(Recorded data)
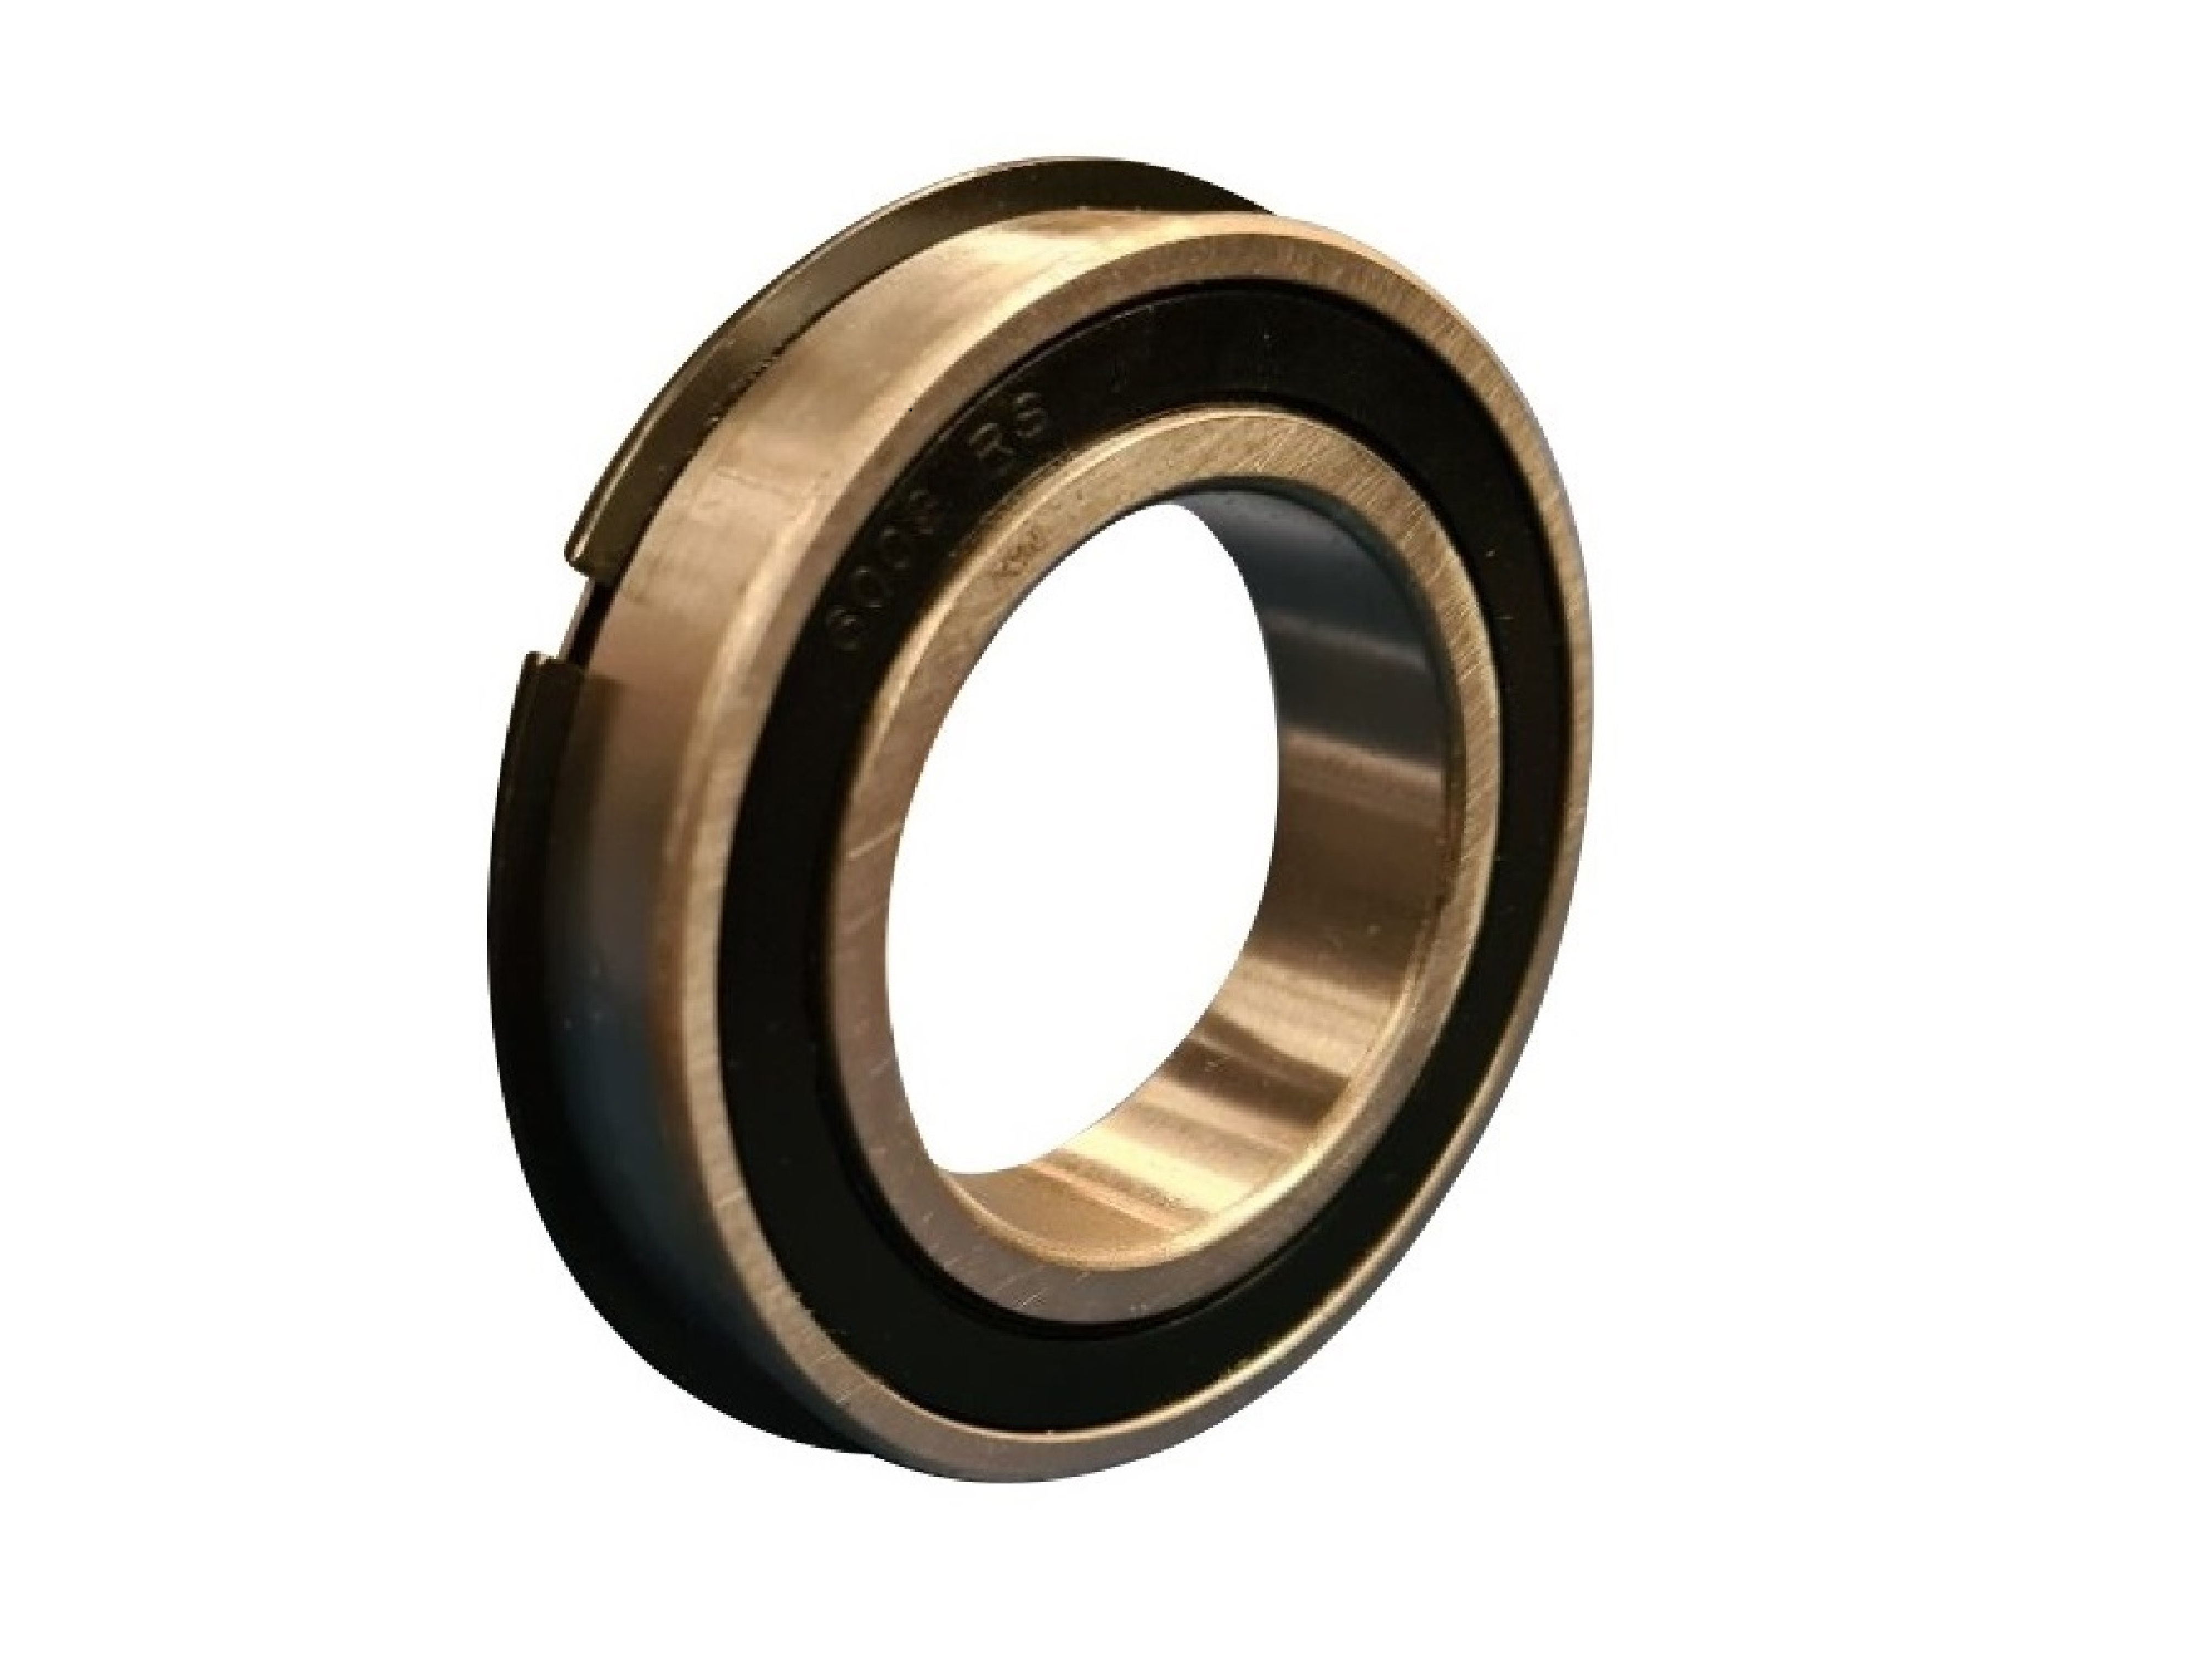 ZEN 6205-2RS-NR Sealed Ball Bearing With Snap Ring 25mm x 52mm x 15mm
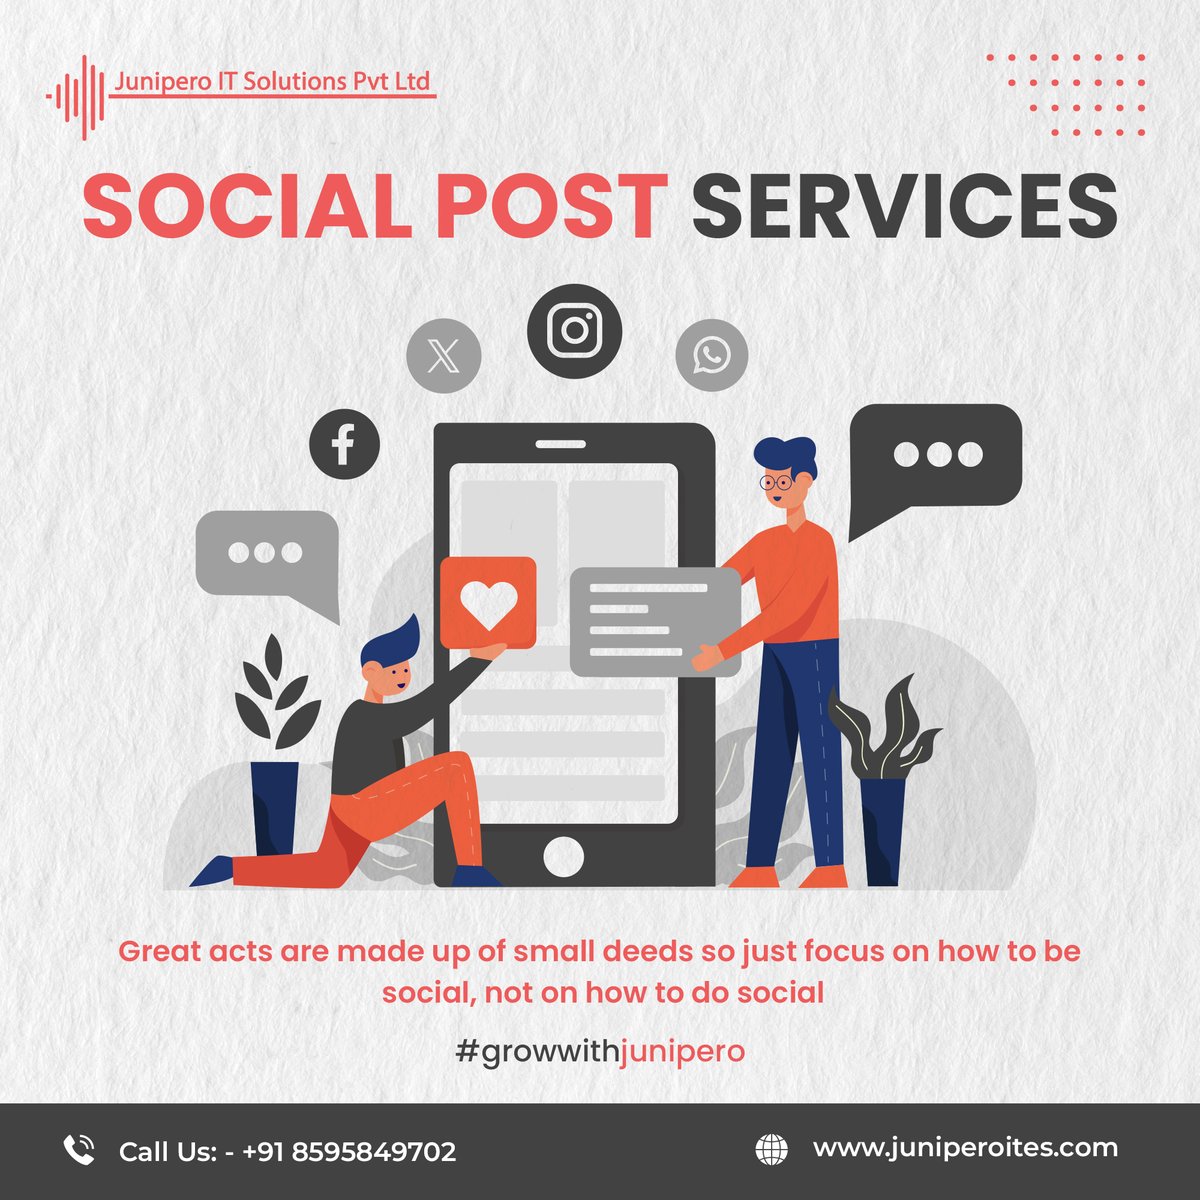 Great acts are made up of small deeds so just focus on how to be social, not on how to do social.
-
-
-
#socialmedia #socialpost #markettingpost #potential #socialmarketing #content #socialposting #contentpromotion #brand #growwithjunipero #social #post #media #marketing #promo
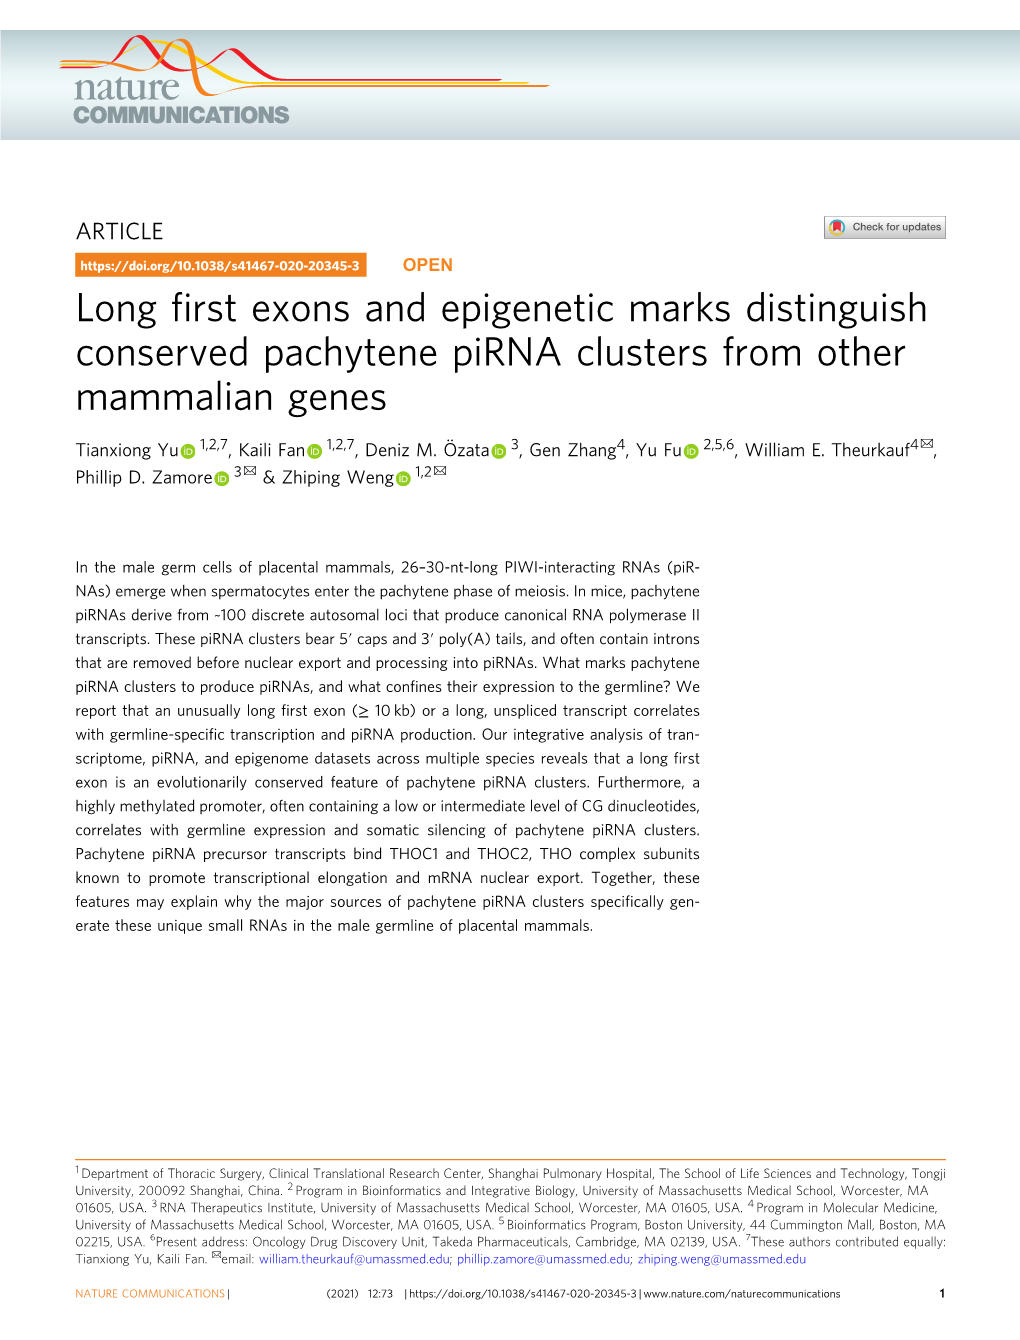 Long First Exons and Epigenetic Marks Distinguish Conserved Pachytene

WORK ITEM:
Your copy must match the records above word for word and contain no pictures.

FINISHED TASK:
 ZEN 6205-2RS-NR Sealed Ball Bearing With Snap Ring 25mm x 52mm x 15mm
 Great acts are made up of small deeds so just focus on how to be social, not on how to do social.
-
-
-
#socialmedia #socialpost #markettingpost #potential #socialmarketing #content #socialposting #contentpromotion #brand #growwithjunipero #social #post #media #marketing #promo
 Long First Exons and Epigenetic Marks Distinguish Conserved Pachytene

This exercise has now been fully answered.